* _Data extract_:
*-*-*

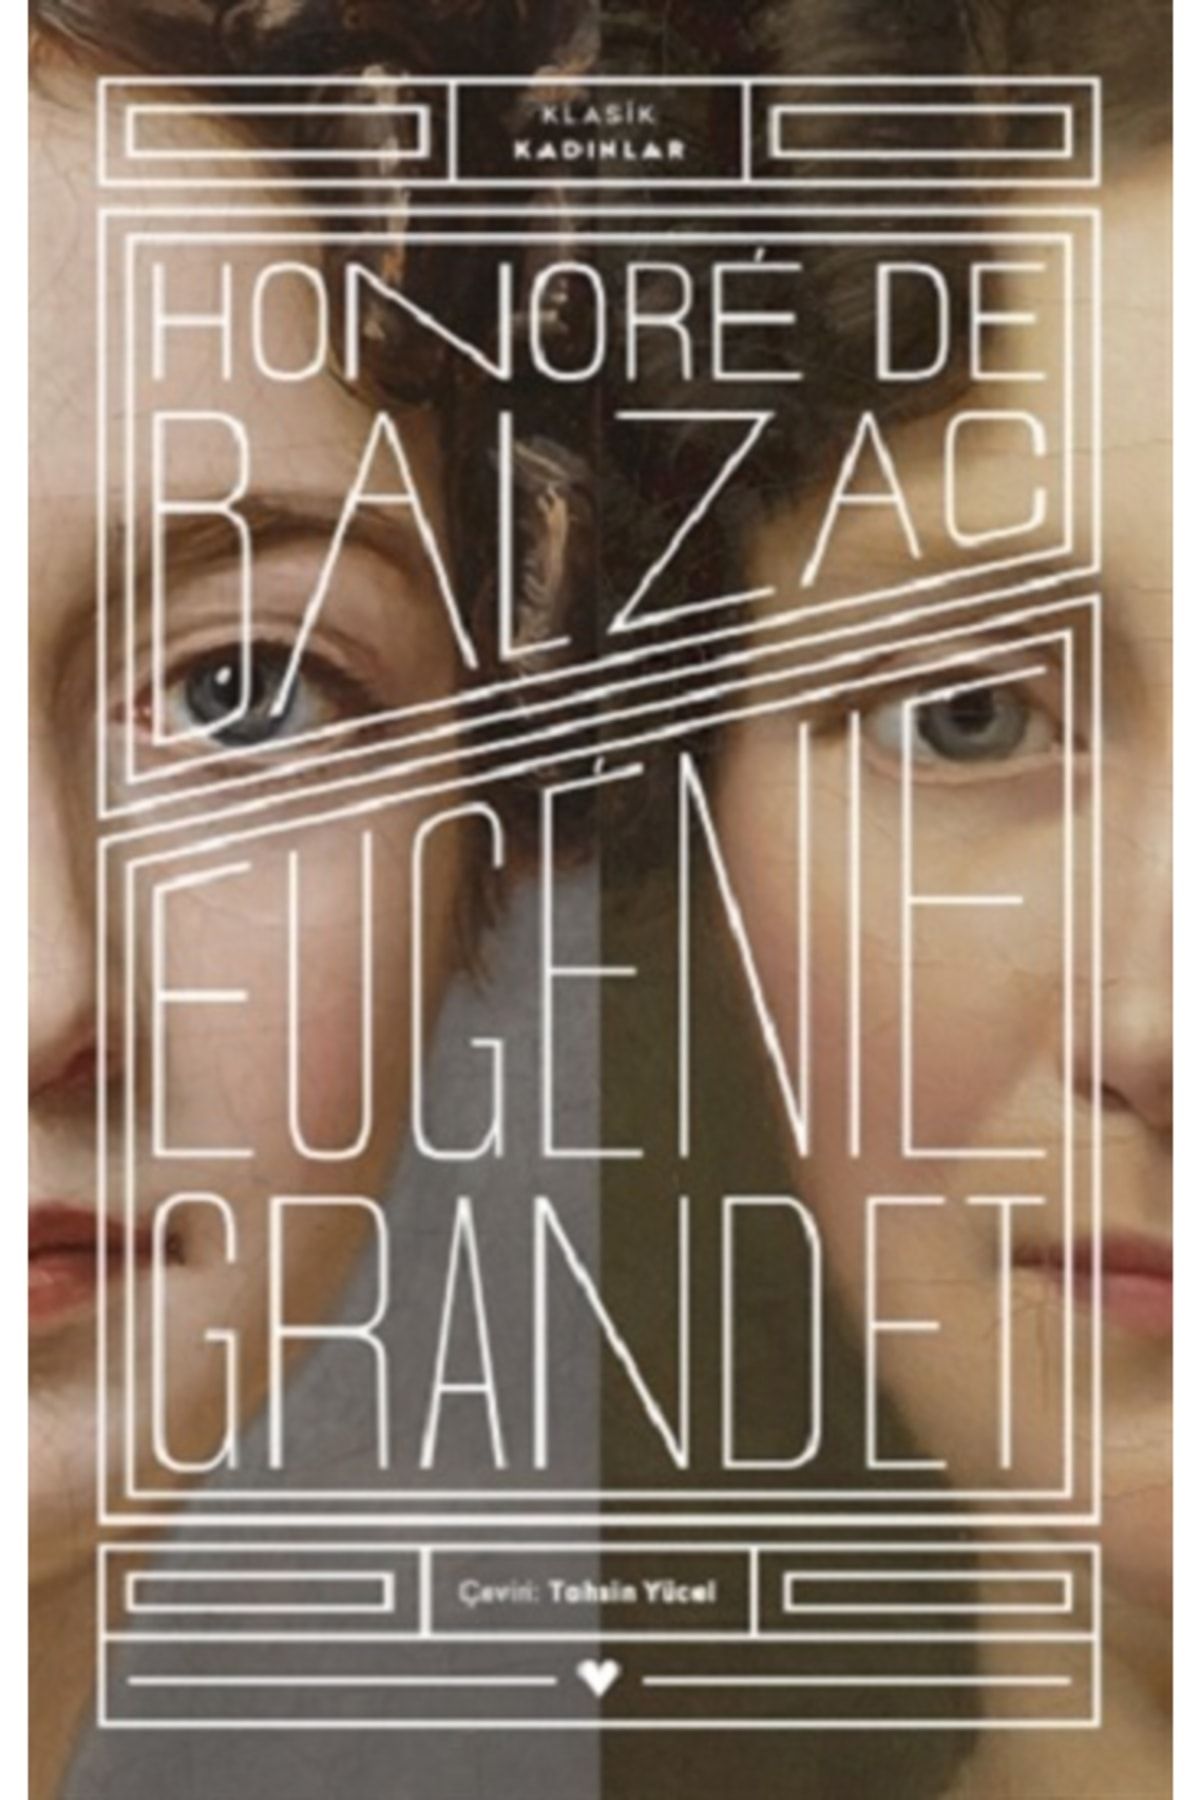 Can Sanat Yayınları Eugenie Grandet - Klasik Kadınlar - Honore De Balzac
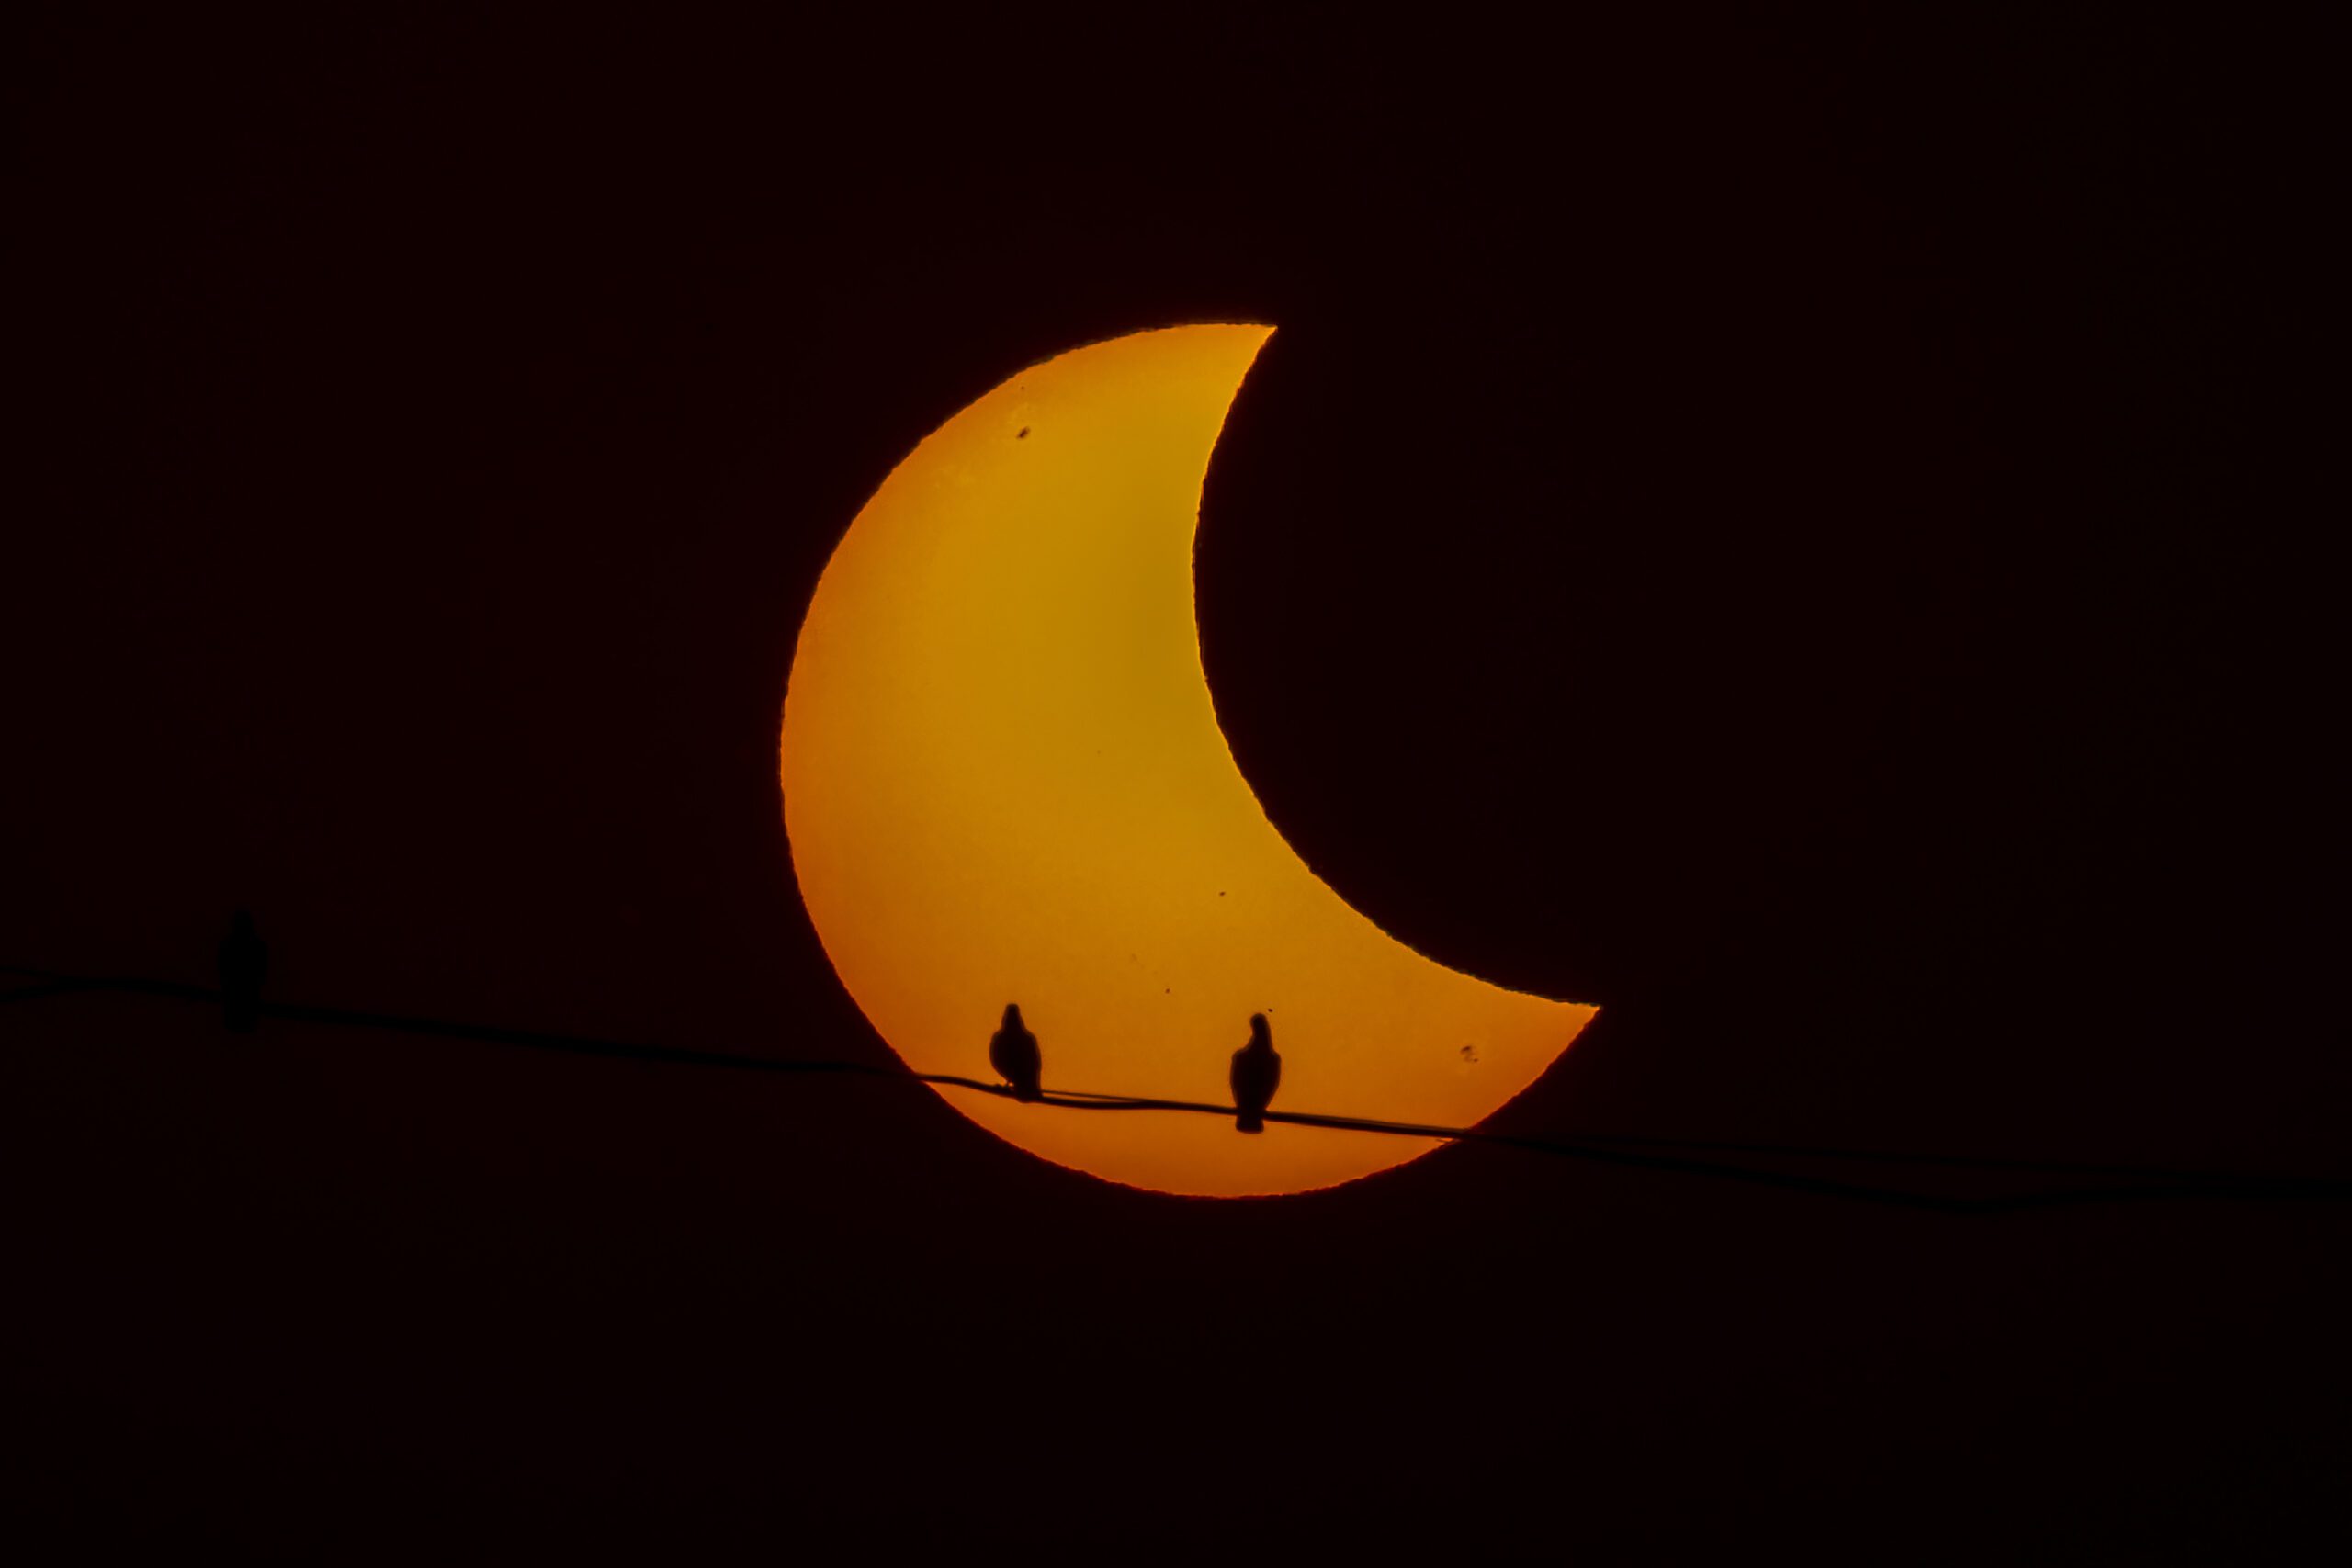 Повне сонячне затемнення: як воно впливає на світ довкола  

*-*-*

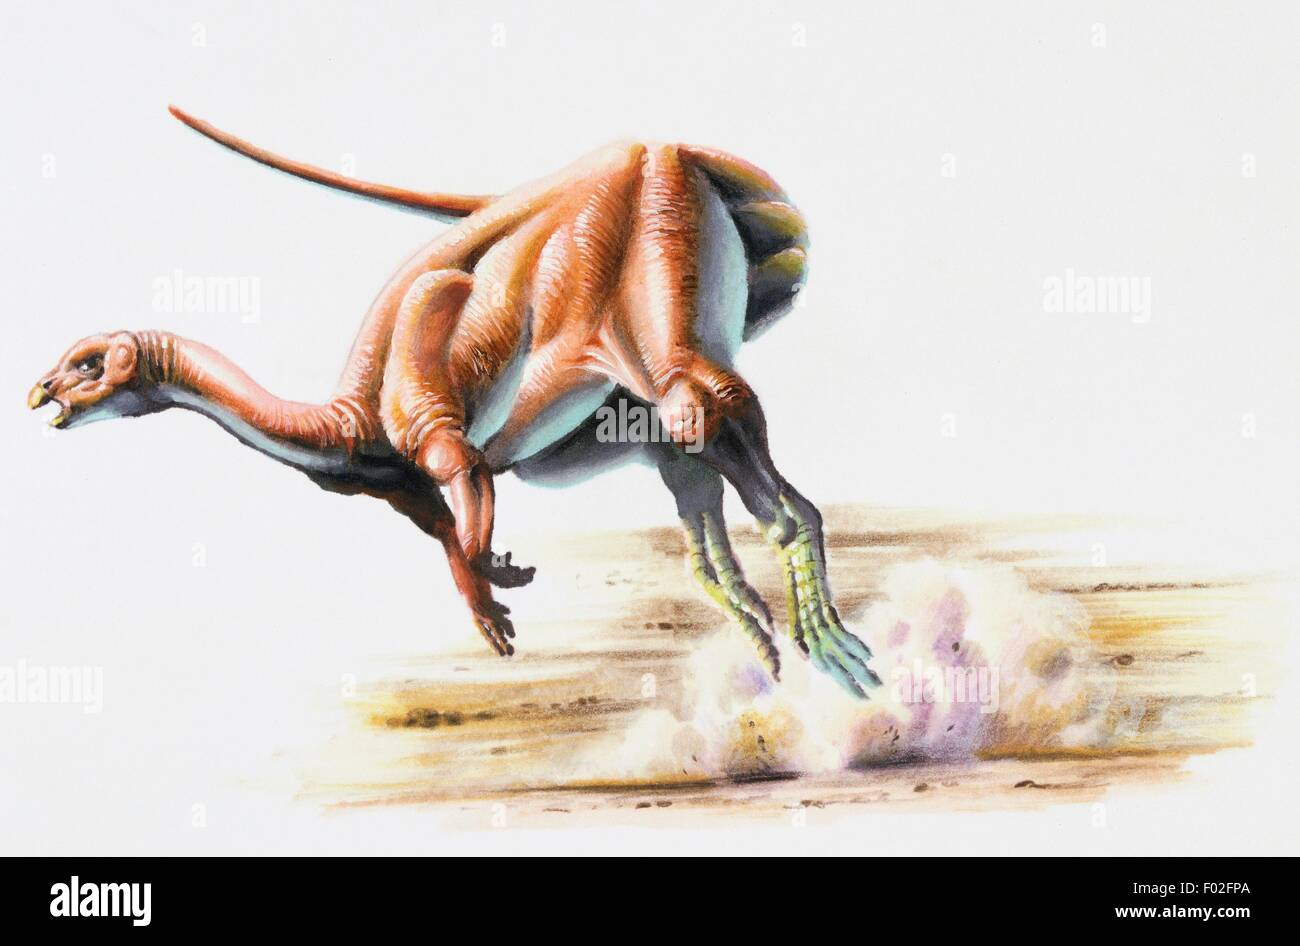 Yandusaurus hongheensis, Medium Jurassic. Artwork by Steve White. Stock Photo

*-*-*

* _What to produce_: Everything from the line with "Can Sanat Yayınları" through the line with "Повне сонячне затемнення: як" in the material above should be transcribed exactly, except the pictures.

* _Task solution_:
 Can Sanat Yayınları Eugenie Grandet - Klasik Kadınlar - Honore De Balzac
 Повне сонячне затемнення: як воно впливає на світ довкола  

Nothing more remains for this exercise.